Capital Gains Tax Calculator — STCG & LTCG
Calculate your tax on investment gains from stocks, mutual funds, or property. Updated with Budget 2024 rates: STCG 20%, LTCG 12.5% with ₹1L exemption.
STCG vs LTCG: What Changed in Budget 2024?
The Union Budget 2024 significantly revised capital gains tax rates for equity investments. Short Term Capital Gains (STCG) on equity — for assets held less than 1 year — were increased from 15% to 20%. Long Term Capital Gains (LTCG) on equity — for assets held over 1 year — were increased from 10% to 12.5%, but the annual exemption of ₹1 lakh was retained.
For debt mutual funds and property, indexation benefits were removed from Budget 2024. Both STCG and LTCG on non-equity assets are now taxed at 12.5% flat (without indexation), or at income slab rates for assets held less than the qualifying period.
How to Calculate Capital Gains on Mutual Funds
For equity mutual funds: Capital Gain = Sale Price − Purchase Price. If held for more than 1 year, it qualifies as LTCG. LTCG up to ₹1,00,000 per year is tax-free. Gains above ₹1L are taxed at 12.5%.
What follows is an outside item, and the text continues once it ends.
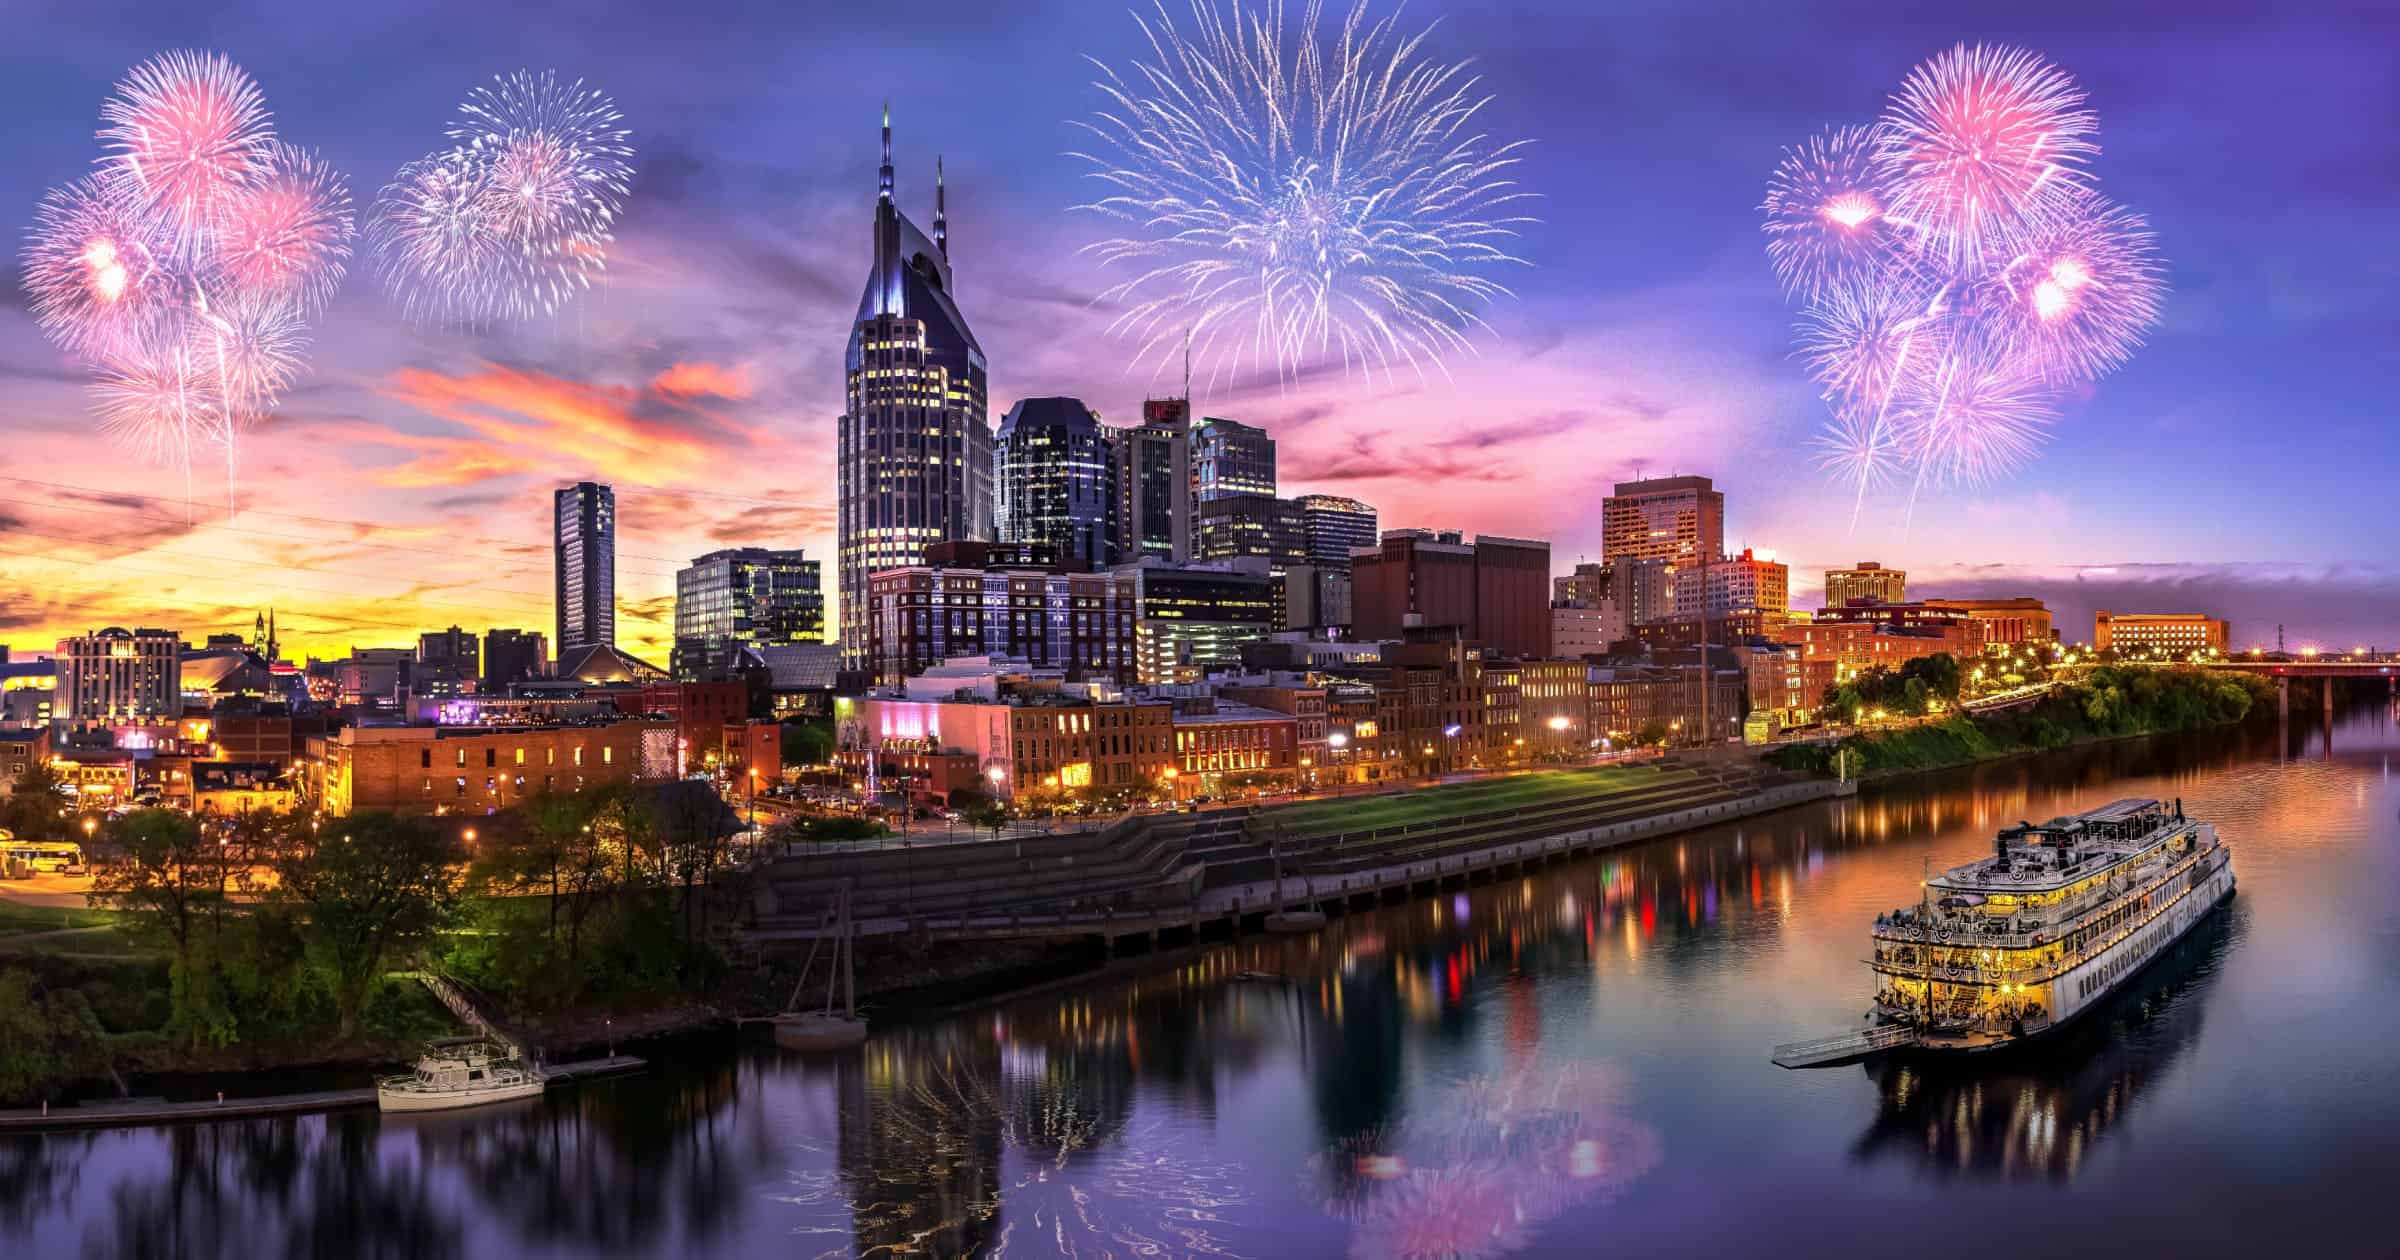 Fireworks over the city of Nashville

Example: You bought equity MF units worth ₹2 lakhs and sold for ₹3.5 lakhs after 2 years. Gain = ₹1.5L. Taxable gain = ₹1.5L − ₹1L exemption = ₹50,000. LTCG tax = ₹50,000 × 12.5% = ₹6,250.
Tax Harvesting: A Strategy to Reduce LTCG
Tax harvesting involves selling equity investments every year to book up to ₹1 lakh of LTCG (tax-free), and immediately reinvesting. This resets your cost basis to the higher value, reducing future taxable gains. For example, if your equity portfolio has unrealised gains of ₹80,000 in March, selling and reinvesting means you pay zero LTCG tax and your new purchase price is higher.
This strategy is particularly effective for long-term investors in Odisha who systematically invest via SIP and let their portfolio grow without selling. Consult a CA or SEBI-registered advisor before implementing this strategy.